## What you should do:
Once you find the line containing "General Raheel Sharif" in the data below, copy it and each following line exactly, up to and including the line containing "Relais Display Extra Bold Italic image", and nothing else.

## Data for this exercise:
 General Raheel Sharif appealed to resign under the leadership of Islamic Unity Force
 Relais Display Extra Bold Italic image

* * *

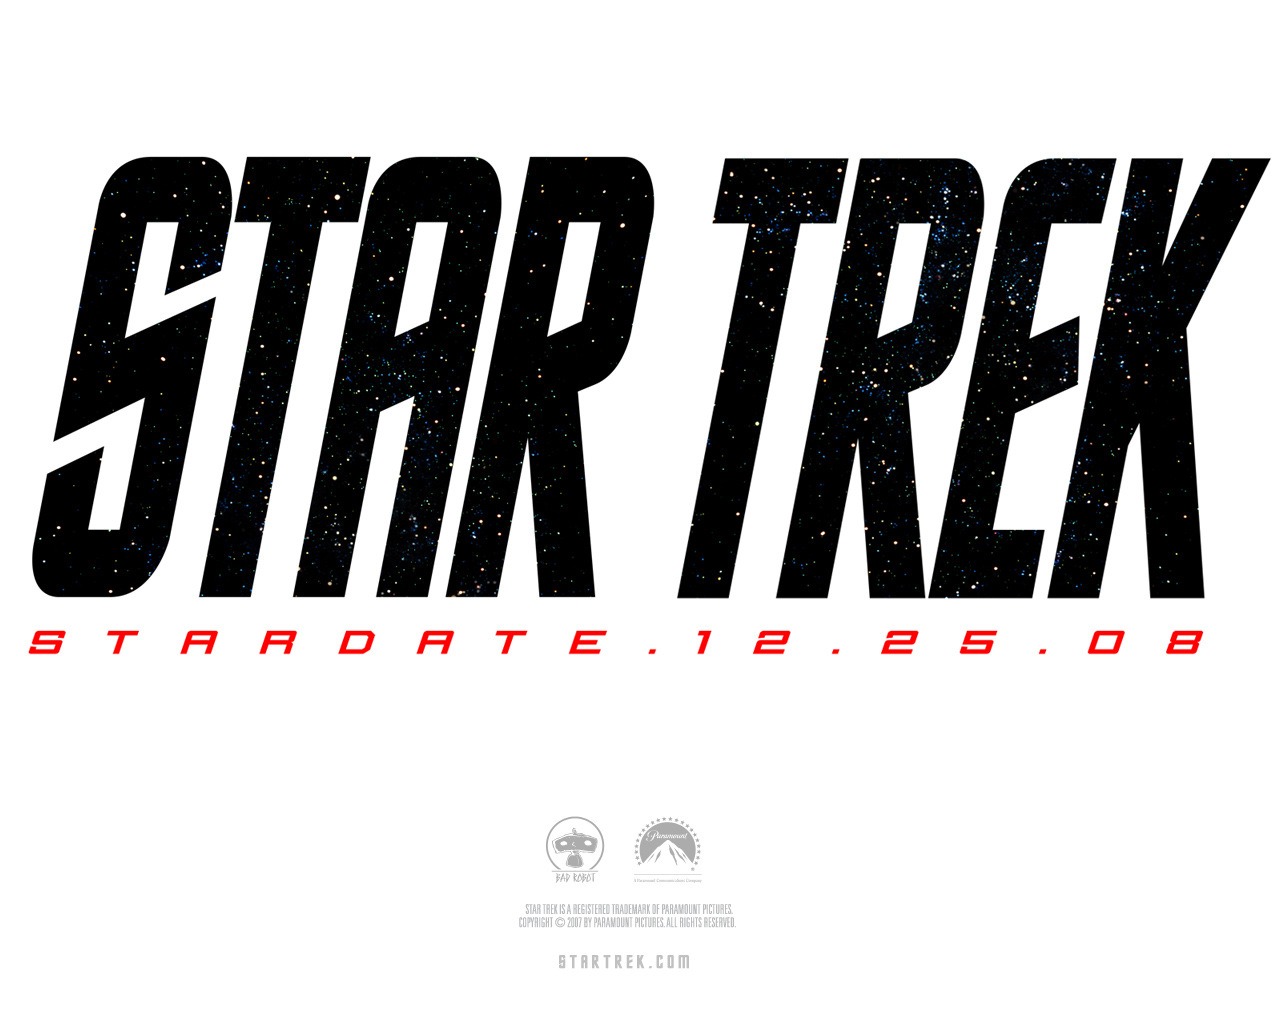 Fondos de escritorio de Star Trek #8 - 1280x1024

## Answer to this task:
 General Raheel Sharif appealed to resign under the leadership of Islamic Unity Force
 Relais Display Extra Bold Italic image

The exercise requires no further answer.